This last week we had our first incident of an accidental, inappropriate Internet click with one of our girls.
Accidental, but then, of course, as all humankind is, she was curious.
I was in my bathroom getting ready to leave to go somewhere when she walked around the corner and, with eyes down, confessed what had happened.
“I’m so sorry, Mama.”
“Baby,” I told her, “it’s okay.” My heart was sad, at first, but I knew that this kind of thing is inevitable in 2014.
And as we sat down on the floor of my bathroom and she was embarrassed and cried a little and I cried a little, I realized the mistake had opened a door.

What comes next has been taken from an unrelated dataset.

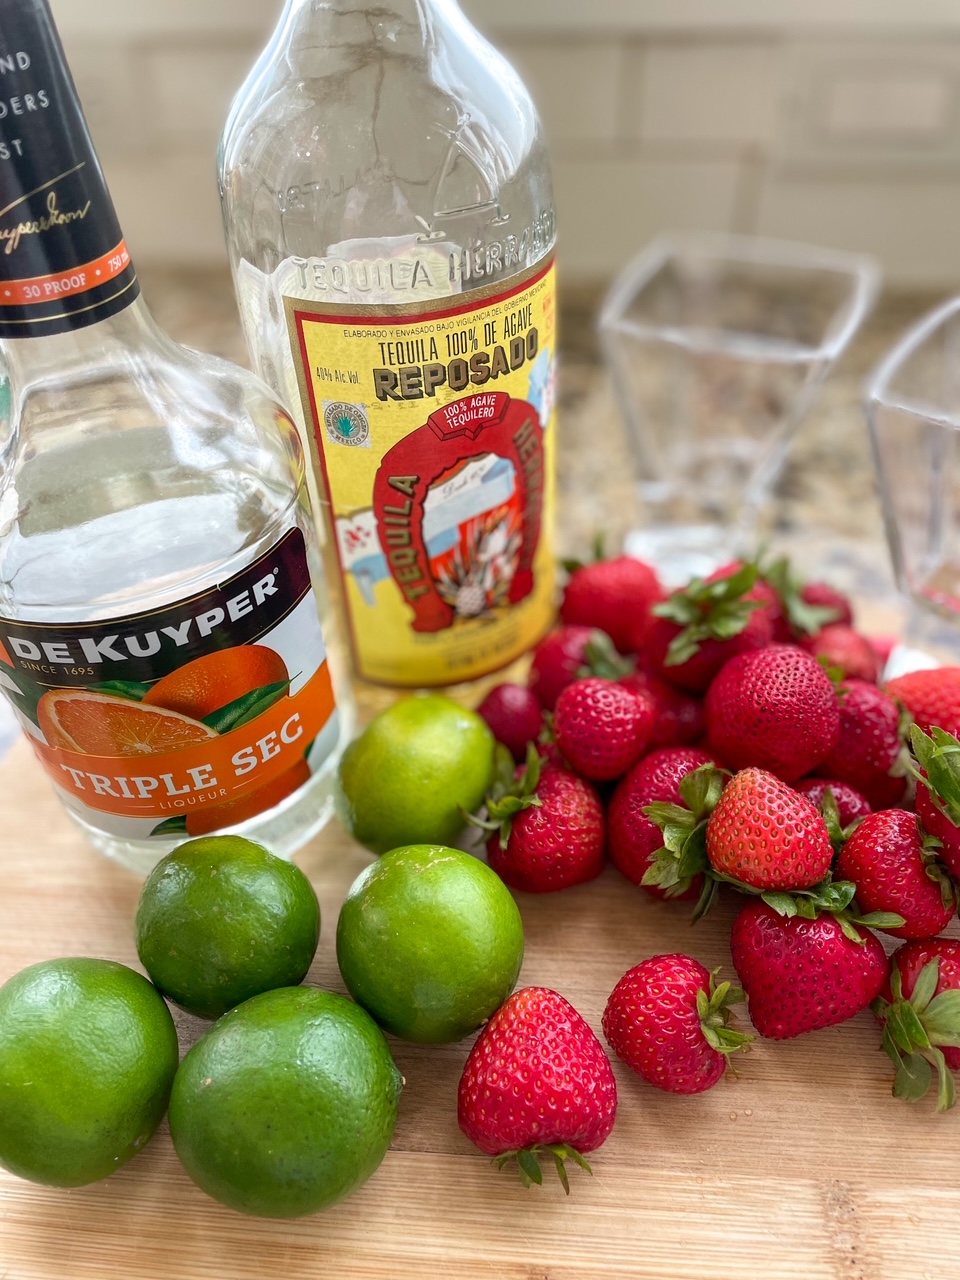 The ingredients for the Fresh Strawberry Margaritas - tequila, triple sec, limes, strawberries and simple sugar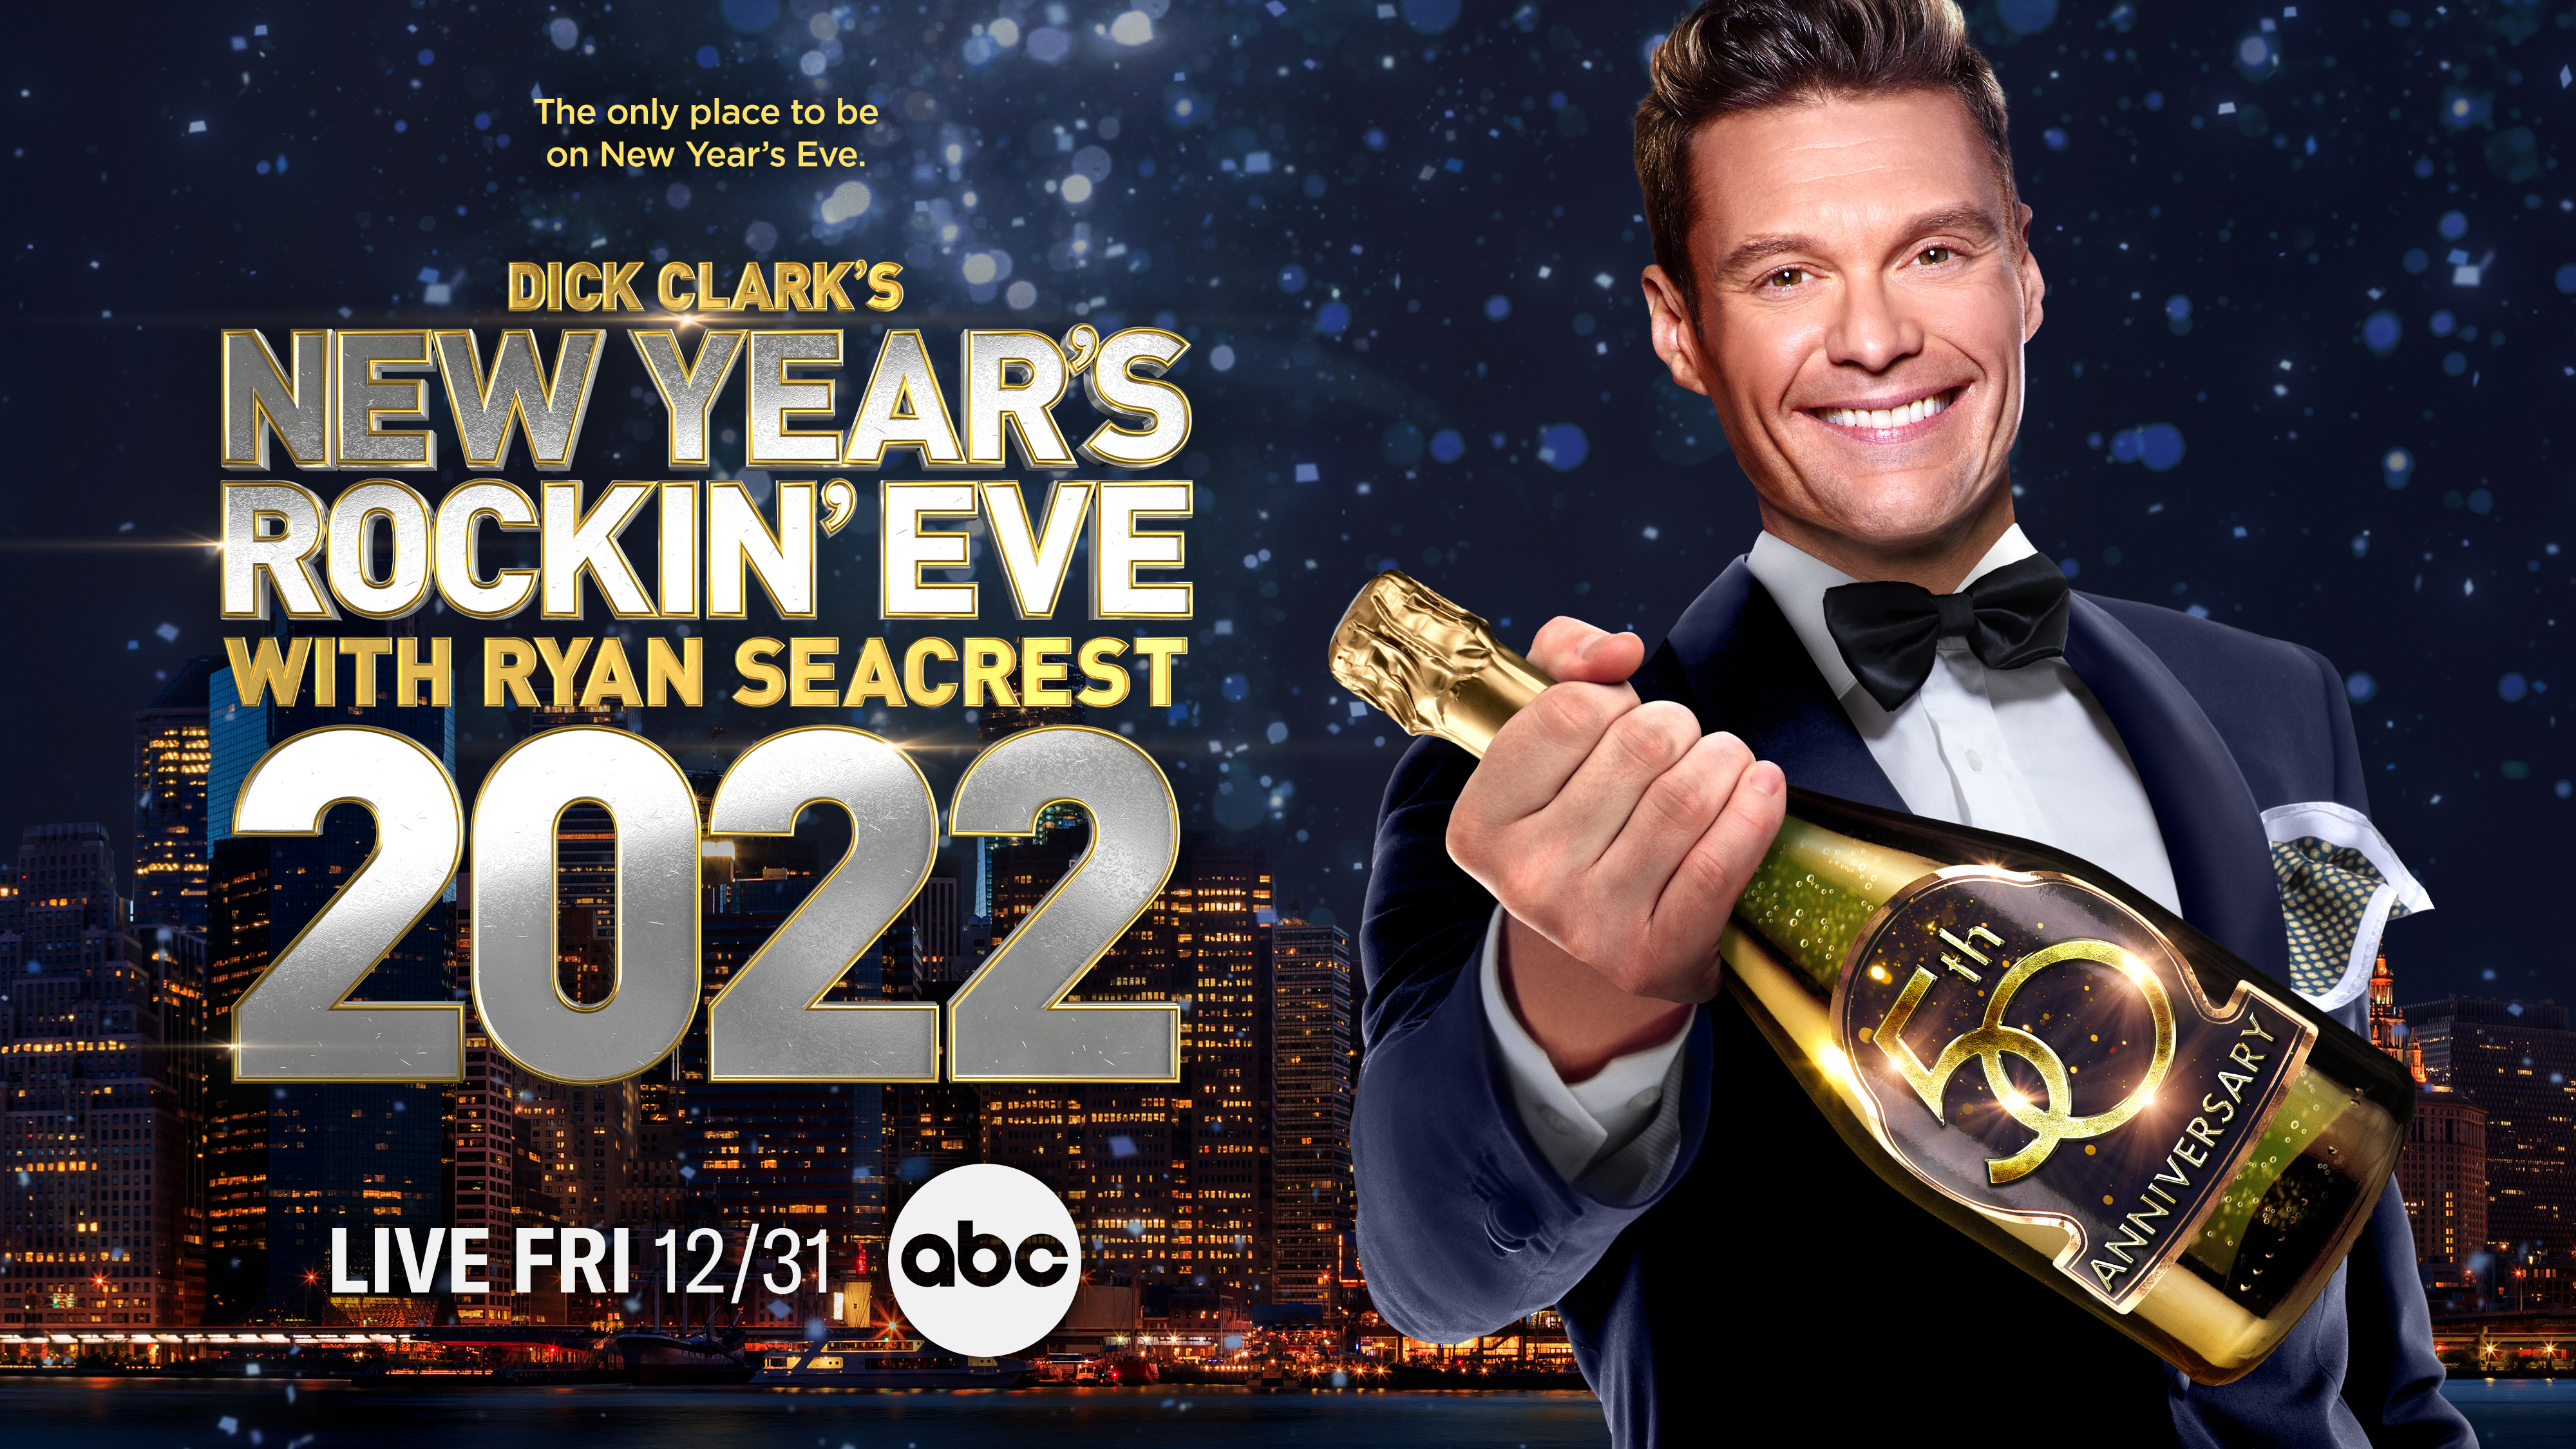 What channel is the dick clark new year's eve

We had already talked all about all the important things you talk about at this age, about sex and purity and marriage and what God has designed for all of us. We have talked about the Internet (Oh, how we’ve talked about the Internet) and about why we don’t go places on the Internet alone (It’s like walking through a war zone without any armor, in a sense.).
But still, we make mistakes. We accidentally click and then it’s a little too late for innocence.
This misstep, however, opened a deeper conversation for us, mother and daughter. We talked leaning up against the shower and the door, and then we talked again out in the yard. We held hands and I held her. And I prayed for the cleansing of her little mind and then we talked about what new boundaries we would place going forward.
Do I wish she hadn’t made the mistake? Naturally.
But there is always beauty from ashes and beauty from the dust.
Such rich conversation came from this accident. Such deep heart and spirit passing through between my daughter and myself. And this day, this was a day that I’m pinning to our hearts as perhaps a moving toward adulthood for her, but also a day that has breathed a little more life into each of us.
And we all do this.
Maybe we don’t make this exact mistake, but we fail and we fall. We shouldn’t do so on purpose to exhaust His grace, but we all make bad choices and decisions once in awhile. When we do, can we see the beauty in the dust? Can we look for that? Or do we hate our mistakes so much that the beauty that He is longing to show us in the ashes is lost?
He is longing to show us the beauty.
It’s so easy to loathe ourselves. We pile hatred onto our fragile souls. We fail and make mistakes and we hate what we’ve done. Even failures can open doors but sometimes we are too blind to notice.
My daughter and I? We will keep talking and we will keep seeking Jesus together and we will keep the boundaries close and the conversation open. We will find the gems in what was meant for wrong.
What is He longing to show us? That even in our sins, even in our mistakes and misjudgments, He is still there. He is always there. And He is close and good and He hasn’t changed. He is brushing His fingers in the dirty ashes, trying to show us the beauty there.